However, the need for education rests not only with the disadvantaged communities. The privileged sectors of society cannot demand to preserve the natural environment for their aesthetic pleasure without considering the needs of the underprivileged. Hence, rather than engage in NIMBY-type activities only, environmental groups have a duty to consider the wider implications of their actions. Further, we have consistently referred to the wealth of knowledge and experience that exists in the underprivileged communities, from which the more affluent and educationally advantaged community can learn a great deal. The positive and reciprocal exchange of knowledge and experience is what is necessary to keep the principles of sustainability alive and practiced.


The Campaign: Activities and Lessons

Much of our early work in 1995,1996 till the end of 1997 was related to protest action against what we considered to be insensitive developments. Literally hundreds of letters were written and many meetings convened and /or attended by GRT members. Such action included the petitioning of local or provincial politicians, who were responsible for the approval of the developments in terms of land-use planning legislation. This legislation obliged the decision-makers to receive comment from the public regarding decisions relating to changes in land use. Although this legislation is from the Apartheid era and does thus not oblige the authority to consider the comment, the interim Constitution of 1993 and the new Constitution of 1996 created an atmosphere in which the public could demand for the accountability of decisions taken. Notwithstanding our formally objections, many of the developments we protested against were approved anyway. However, we feel that our raising of issues such as bio-diversity conservation, the dependence of tourism on our natural environment, and the use of local labour, was prominent in the media and in our appearance at public meetings and school presentations. It is evident from subsequent interactions with government institutions, as well as developers, that this has contributed to an awareness of the importance ofsensitive development. It is also apparent that this increased awareness has led to a variety of initiatives and organisations, which are aiding local councils making environmentally sensitive decisions.
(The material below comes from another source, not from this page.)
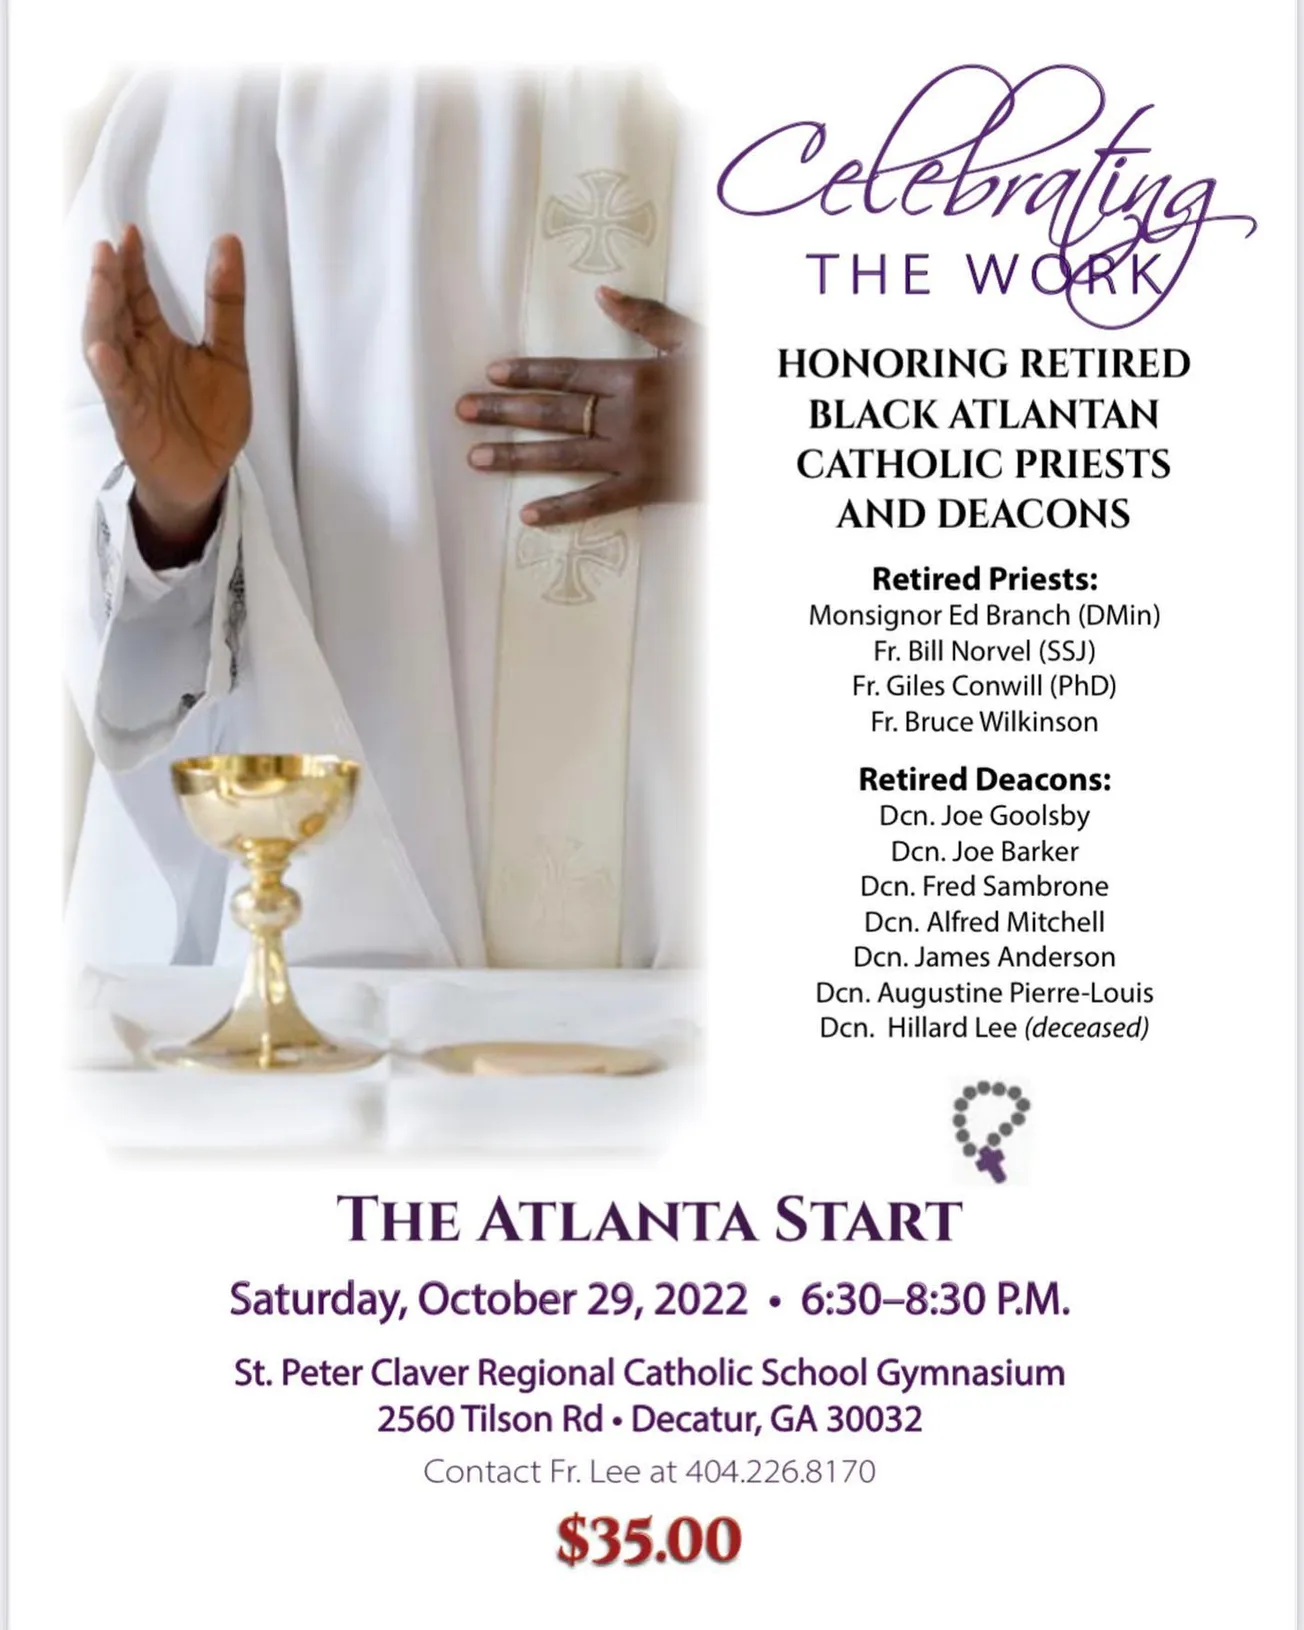 Retired Black Catholic clergy in Atlanta to be honored in event Oct. 29

In addition to developing a theoretical model of sustainable development as it relates to the Garden Route, as described in the preceding section, we publicised a “Responsible Development Protocol”, which was meant to guide decision-makers and other NGO’s in the appraisal of proposed developments. Inter alia, this required developments to allow for community participation in their planning and implementation and to commit to using local rather than “imported” labour. In many ways, we were making demands in terms of what was already considered good project planning and environmental management practice. Much of these concepts were contained in guidelines published by the national Department of Environment Affairs and Tourism. However, they were not legally required and hence frequently ignored. Our efforts were vindicated when, late in 1997, many of these requirements, including the need for public participation, were made mandatory for certain activities, including land use changes. Further, the Department of Environment Affairs and Tourism has formally recognised the particularly sensitive nature of the environment along the Garden Route by promulgating a set of specific regulations in terms of project appraisals. Another significant legislative process has been the development of the Coastal Management Policy, to which we have made substantial contributions. Although this policy is as yet contained only in a green paper it is already making a difference. An example of this is the way its recommendation to retain state ownership of land on the coastal strip is affecting local authority appraisals of development applications.
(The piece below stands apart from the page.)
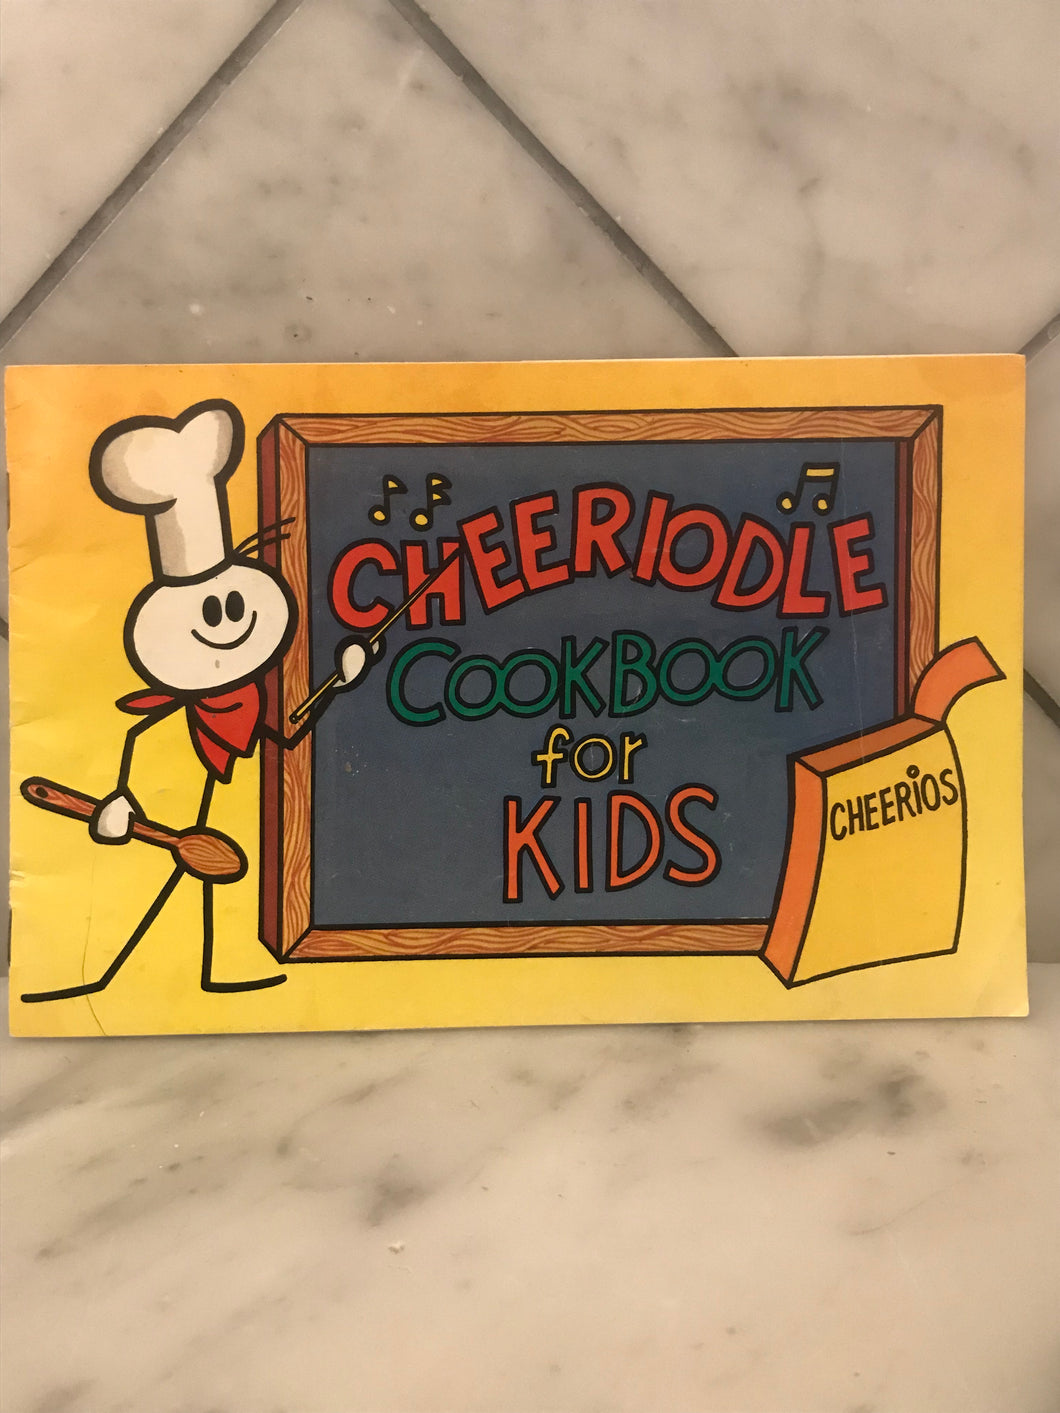 Cheeriodle Cookbook for Kids

Of utmost importance to the Campaign has been the role of the media. For any development application that was due to go through a public participation process, we would alert the public to this process by means of the local press. If we thought that the decision making process was not transparent or accountable we would challenge the local authority as well as the developer on the grounds of the public’s constitutional right to fair and accountable decision making. In the case of one or two highly controversial and environmentally detrimental projects, we would make use of national newspapers to bring these to the wider public’s attention. Our media exposure was crowned by a prime-time television programme on World Environment Day, 5 June 1996, brilliantly documenting the threats posed to the natural environment of the Garden Route. This was an important turning point for the Campaign, as it created a ground swell of support for the cause to find more sensitive ways of developing the coastal areas of the country.

If one of our greatest successes has been the fruitful interaction with the media, then our biggest disappointment has been the problems experienced with creating an organisational base for the Campaign. This base was to be provided by the Garden Route Trust, which was to carry the Campaign forward and raise funds for it. However, it failed to do so, for a variety of reasons. These reasons are at the heart of what might be seen as some of the root causes for the lacking civil, broad-based community participation in developmental and environmental issues in South Africa. By trying to explicitly link the environmental question to that of community development, we placed ourselves in between two “camps”, which are not necessarily opposed to each other, but are in many ways exclusive and lacking in interaction. On the one hand, there are the “green” groups, made up of predominantly wealthy, white residents. On the other, there are community development groups who have the enhancement of the living conditions in the poor communities as their main objective. Due to our orientation we did not fit into any of these types of organisations. Amongst the “greens” our insistence on community development sounded too much like some kind of socialist project. For the poor communities, little support was to be gained for an environmental agenda. Commonly, environmental incentives are seen by the disadvantaged to be a smokescreen for an elitist concern to maintain white privilege. One of our main objectives was to create a link between these “camps”. However, we did not succeed in such a way that secured a sustainable inflow of funds for our activities.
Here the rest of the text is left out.